Recommandé: une petite bande dessinée sur l’I.A. L’Intelligence Artificielle - Fantasmes et Réalités par J.-N. Lafargue et M. Montaigne.

You may also watch this video:

It talks about ambiguous pronouns, as in: "I spread the cloth on the table in order to protect it".

Since the mid twentieth century, promoters of Natural Language Processing (NLP) have been oscillating between excessive optimism and unjustified low profile. During the ‘Cold War’, large amounts of money were invested in automatic translation, with poor results. Word for word translations led to funny results, such as the oft cited example "The spirit is willing, but the flesh is weak" (from Christian literature): when translated into Russian and then back to English, it read: "The vodka is good, but the meat is rotten." Obviously, the semantic content was ignored in the process.

In the sixties, Joseph Weizenbaum wrote an incredible programme, Eliza, which can be called the first chatterbot. Eliza mimicked a psychotherapist. Many anecdotes are told about how naive people used the programme. There are many implementations of Eliza in Prolog. This one is in French.
You may try it by downloading this Eliza program and by executing ElizaFrench.pl. You may discuss with Eliza and have the kind of interaction shown here. Remember that this version has less than 20 clauses!

Admittedly, Eliza is just (a genial) illusion: in English, it just knows how to make an interrogative from an affirmative, and it makes use of a few lexical associations (user- My brother suggested I should chat with you. Eliza- Tell me more about your family). But keep in mind the limited computing power available at that time.

Another milestone was the programme SHRDLU, designed by Terry Winograd also in the sixties. This time, the computer had a real understanding of what it was talking about. Shrdlu was amazing, and contrary to Eliza, it did not cheat about its performance. This programme raised great hopes, and then also great disappointment, as it became clear that the method could not scale up. I had the privilege to meet Winograd at Stanford in 1995. I found him quite pessimistic about our ability to bring computers to process meanings as we do. I don’t share this pessimism. In my view, it results from an overestimate of the complexity of the human mind. Considering the mind as unknowable was an understandable reaction to preceding periods in which it had been regarded either as a simple algorithmic machine or as a mere statistical recorder.
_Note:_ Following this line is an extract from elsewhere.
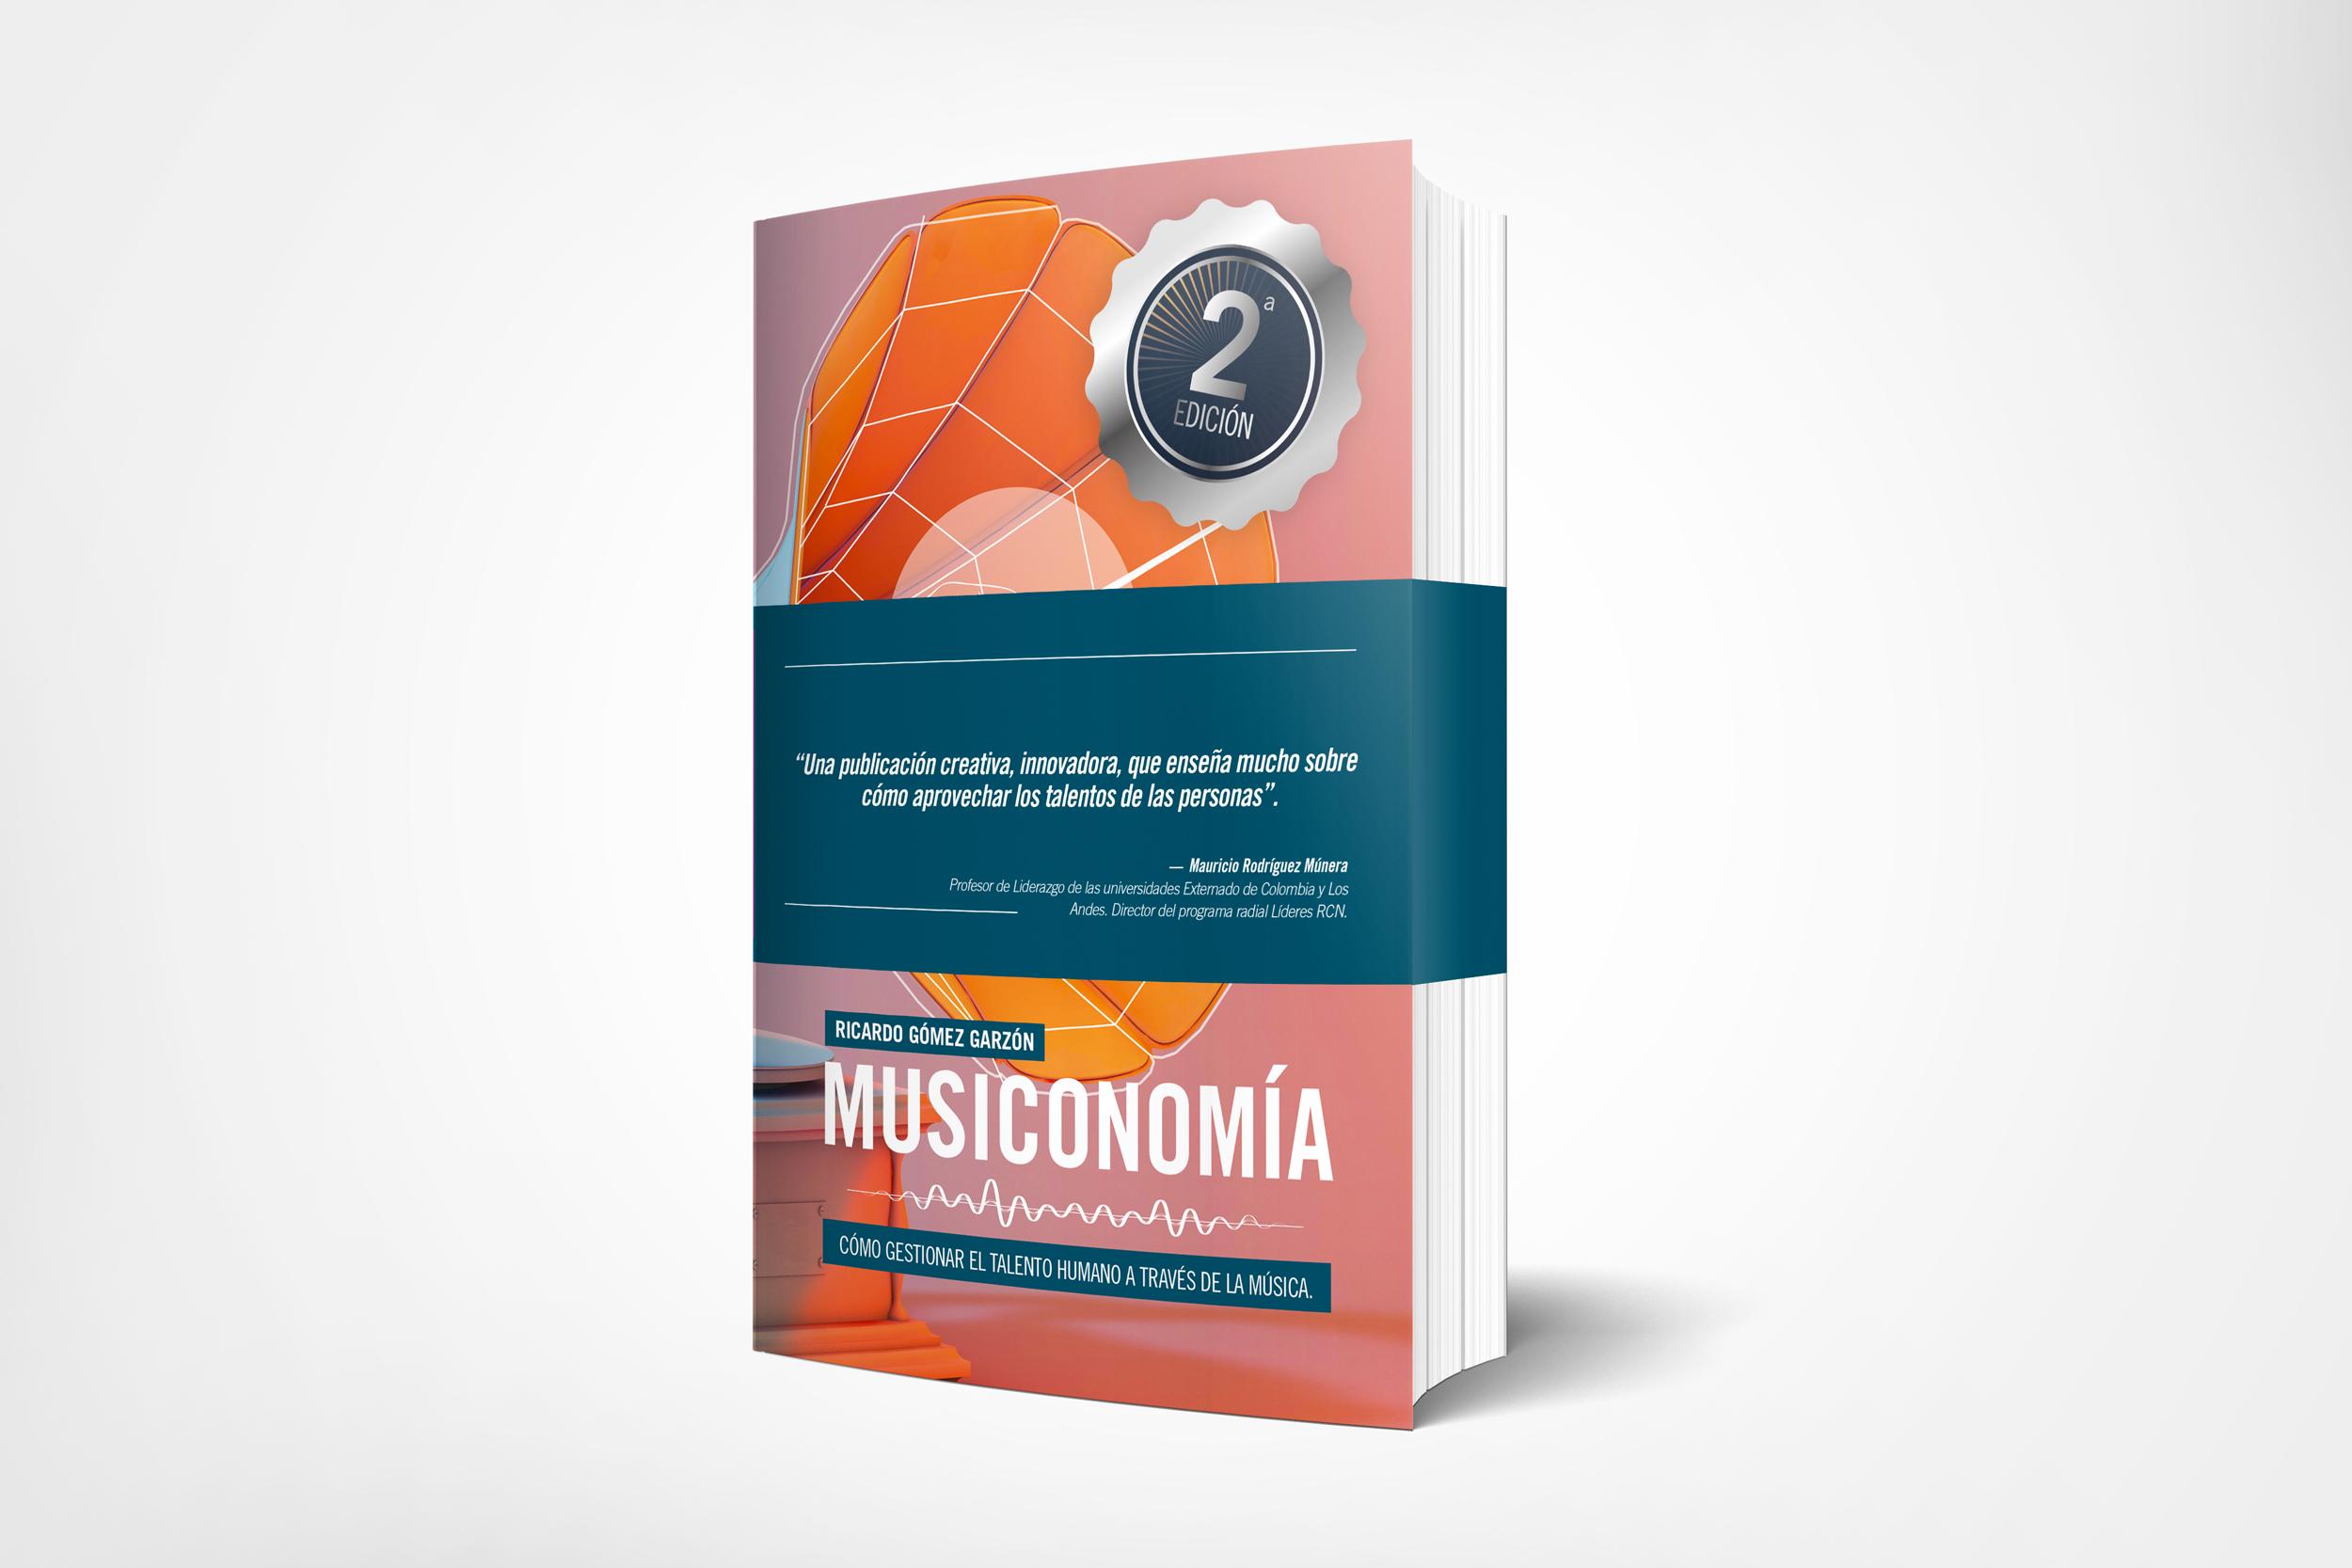 Musiconomia-edicion2-3.jpg
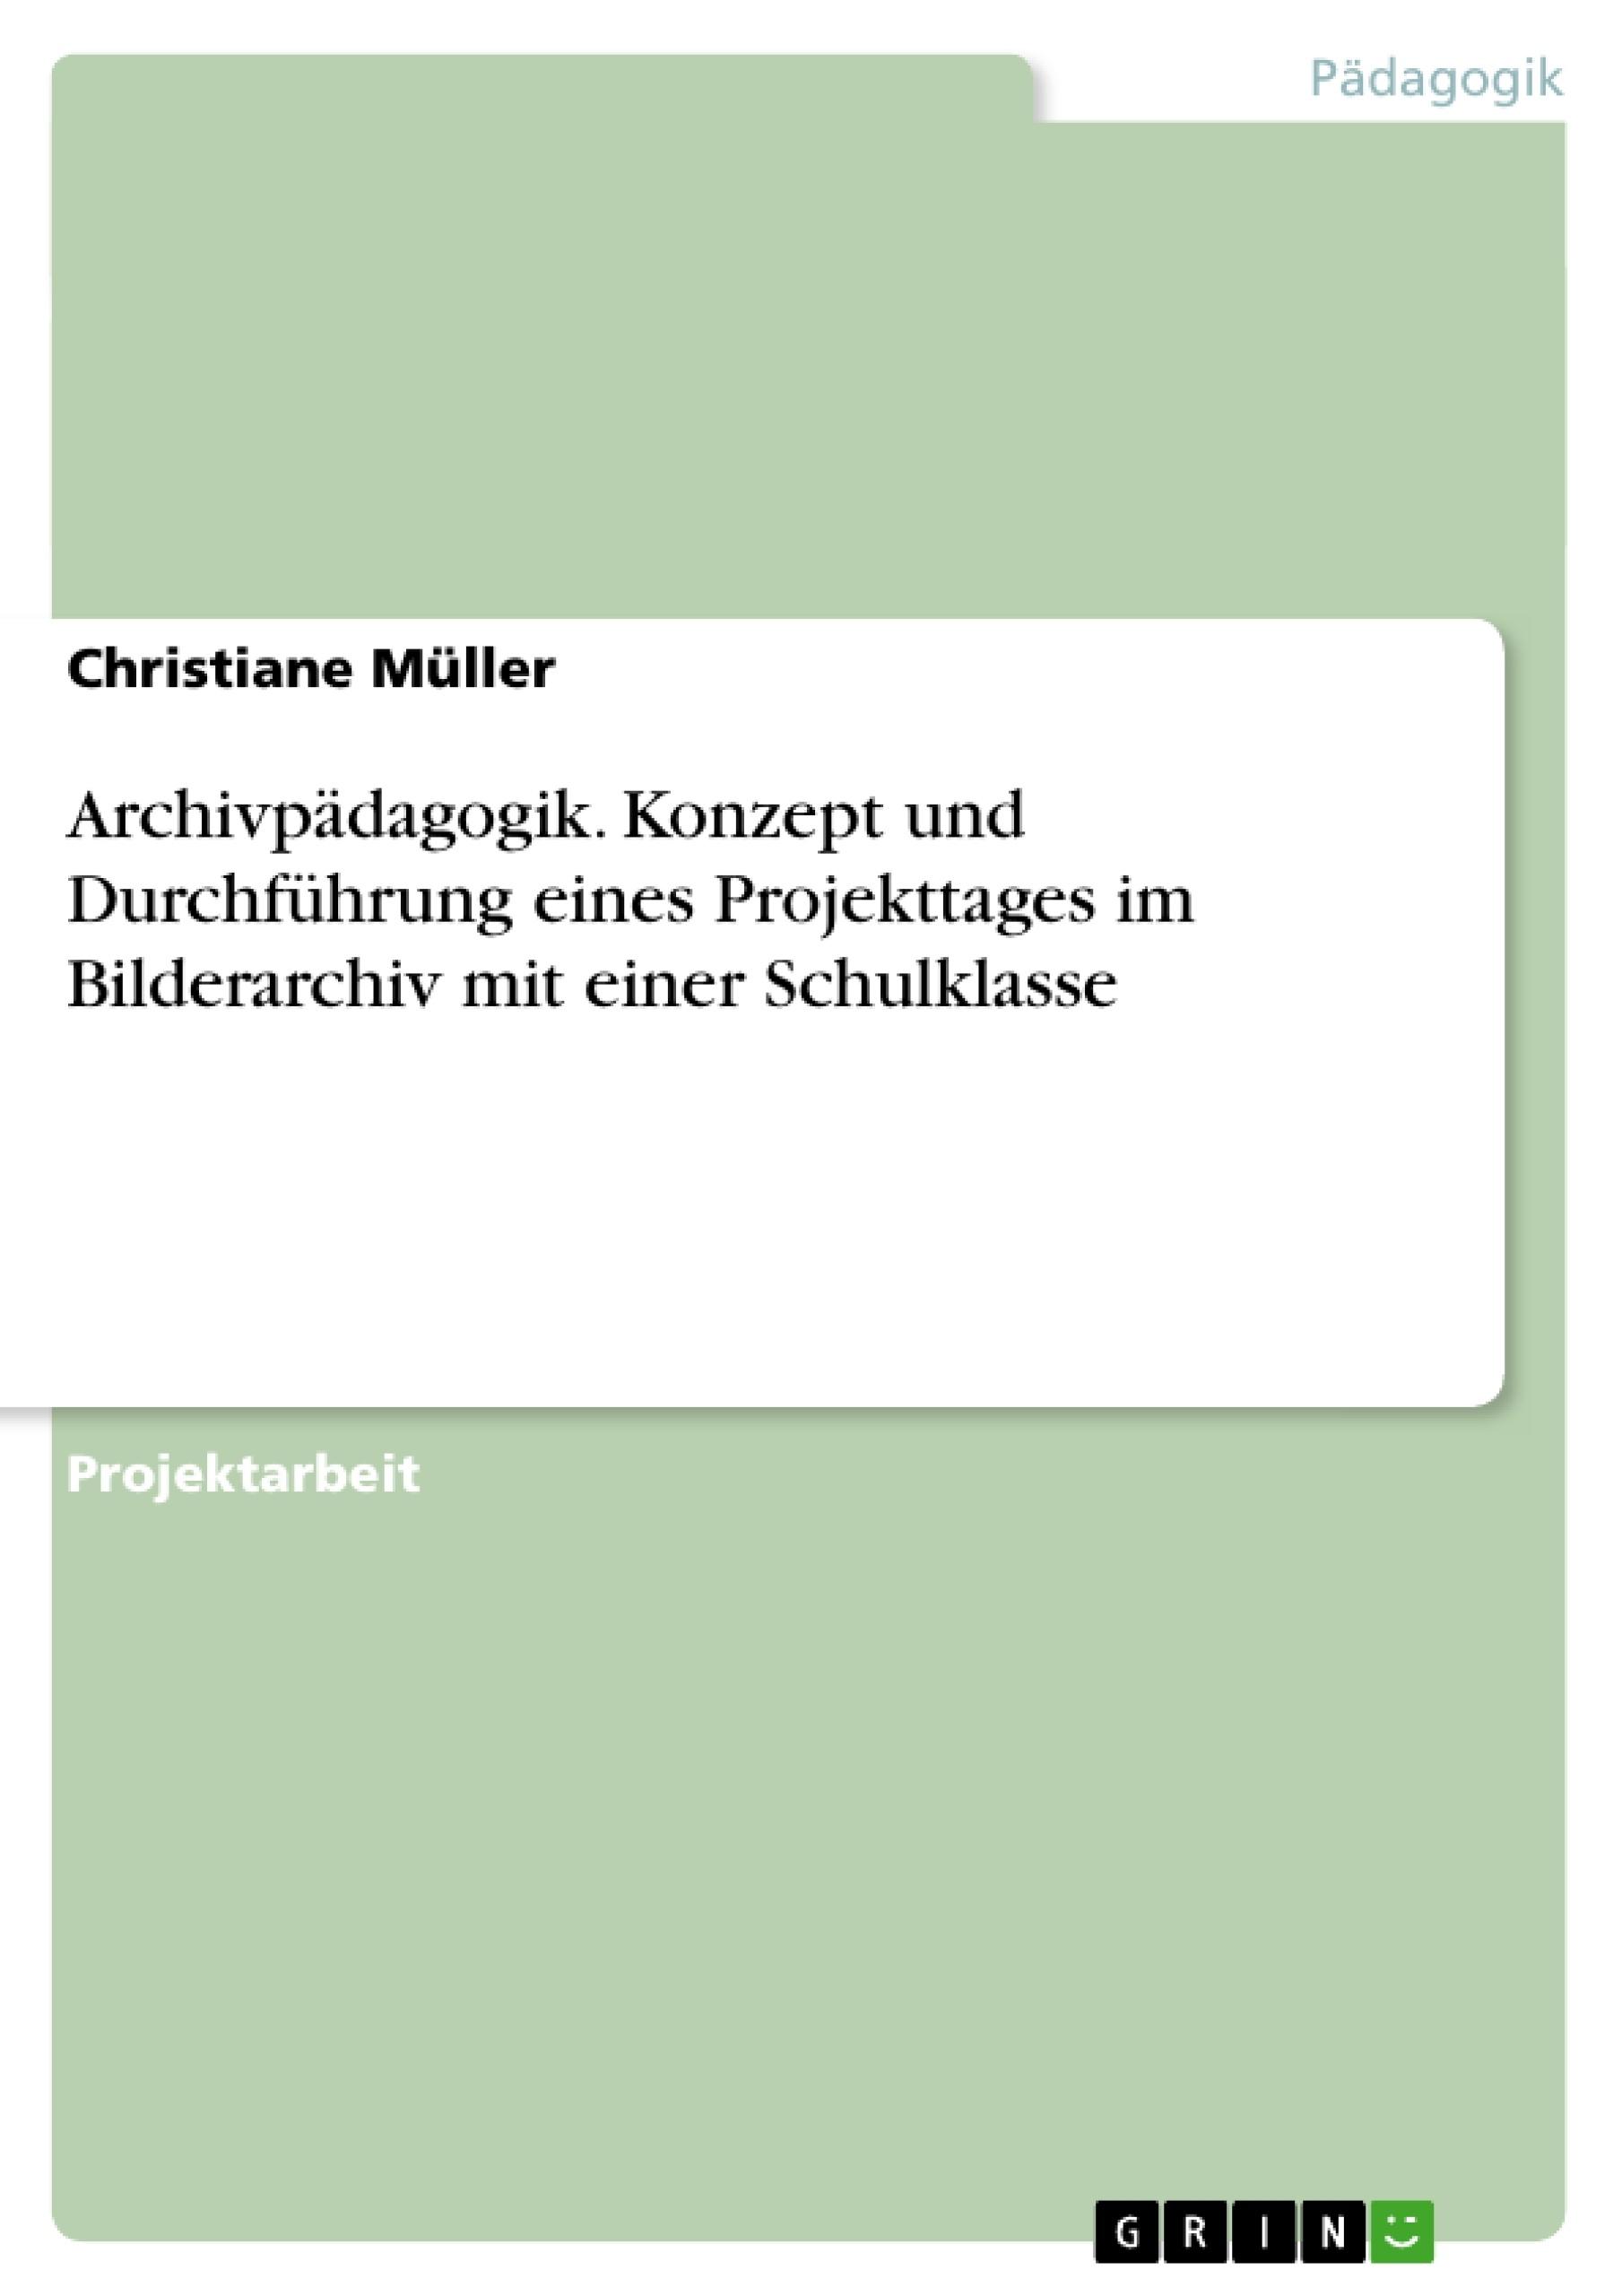 Titel: Archivpädagogik. Konzept und Durchführung eines Projekttages im Bilderarchiv mit einer Schulklasse

This debate between rationalism and empiricism has now subsided (for a time). Understanding the human mind (cognitive science), and in particular its language faculty, now goes through standard scientific modelling activity.

Machine translation has made much progress (see this gentle introduction to MT (in French)). Admittedly, general purpose translators such those found on the Web (e.g. Babelfish or Systran), though often quite helpful, cannot yet compare with human translation (see Hofstadter’s clever critique on machine translation). But machine translation may be quite efficient for specialized use: a significant proportion of texts written by the European commission are translated into the many official European languages using automated help.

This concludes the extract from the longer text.